Exercise —
Transcribe all the lines below exactly. Omit the pictures.

Data below —
****************

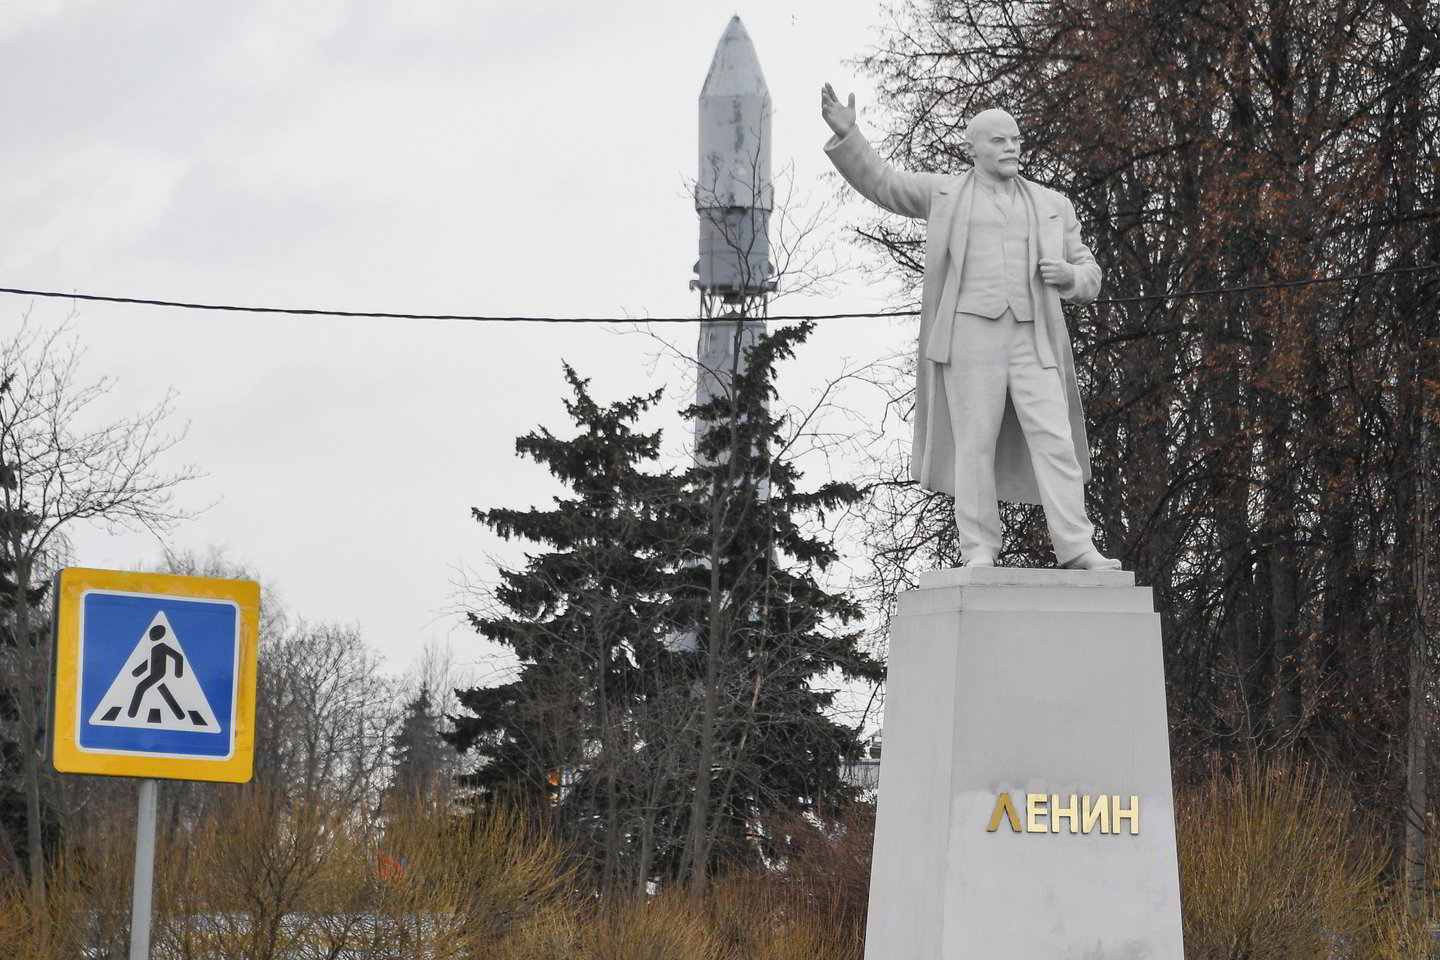  Rusijoje - gausybė paminklų V.Leninui.<br> Scanpix nuotr.
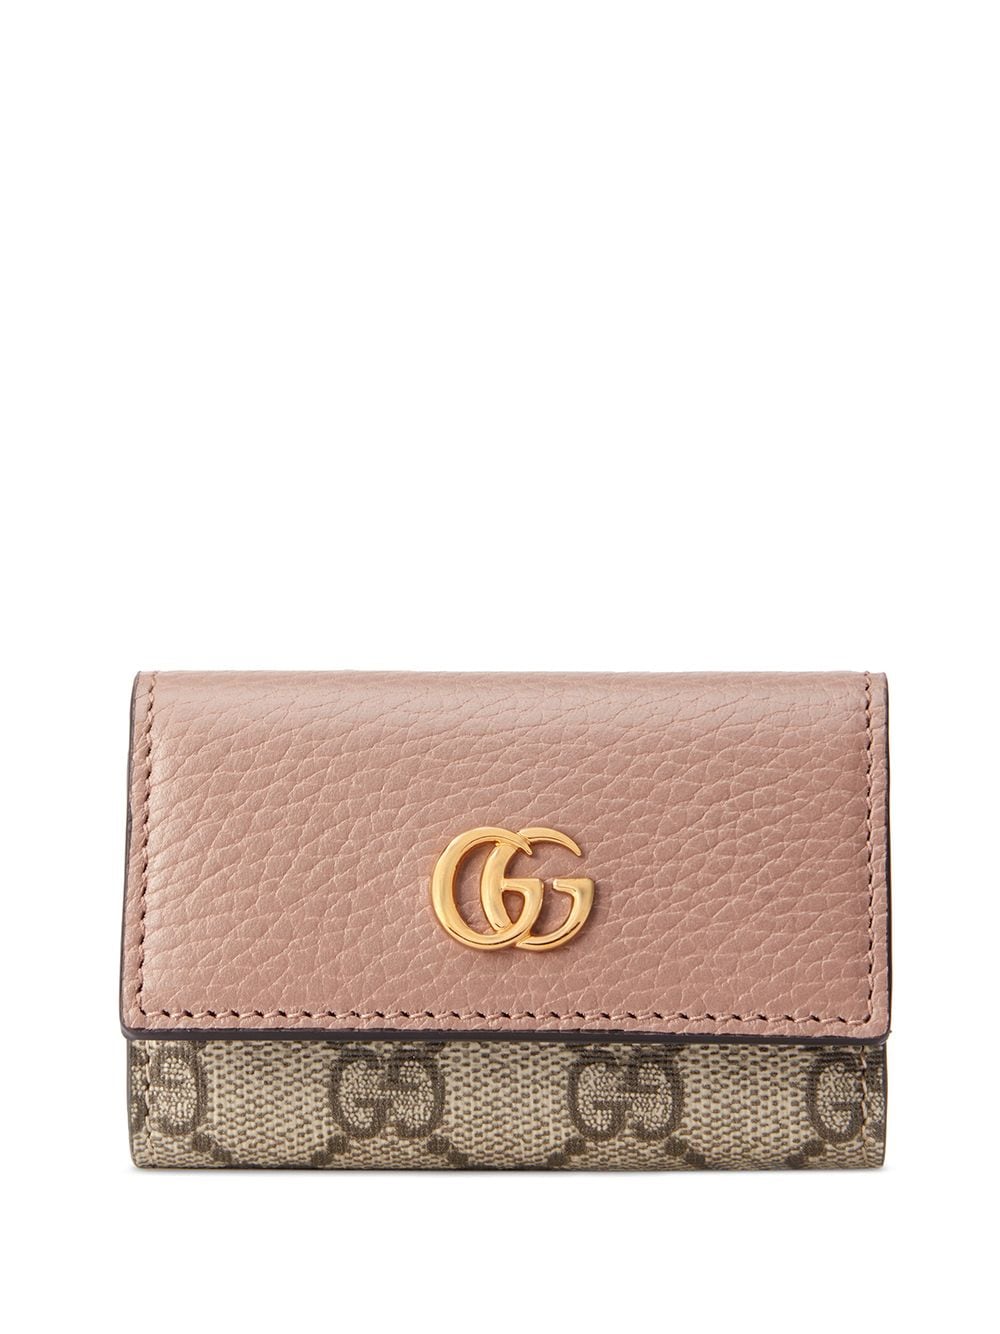 Gucci GG Marmont Leather Key Case VS Louis Vuitton 6 Key Holder Comparison  
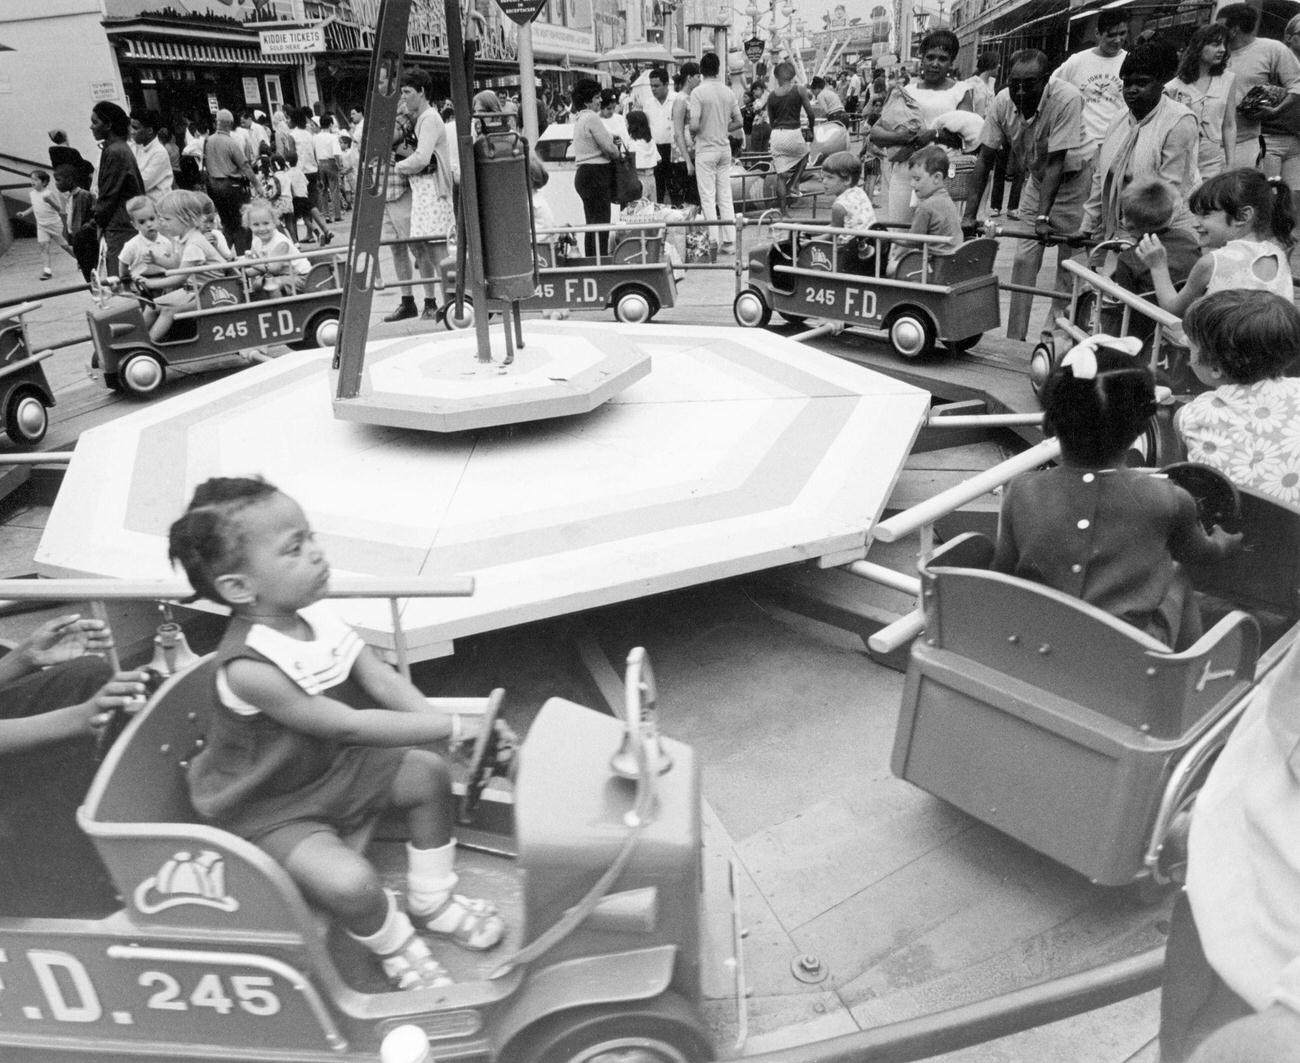 Children On Merry-Go-Round At Coney Island, 1969

****************

Problem solution —
  Rusijoje - gausybė paminklų V.Leninui.<br> Scanpix nuotr.
 Gucci GG Marmont Leather Key Case VS Louis Vuitton 6 Key Holder Comparison  
 Children On Merry-Go-Round At Coney Island, 1969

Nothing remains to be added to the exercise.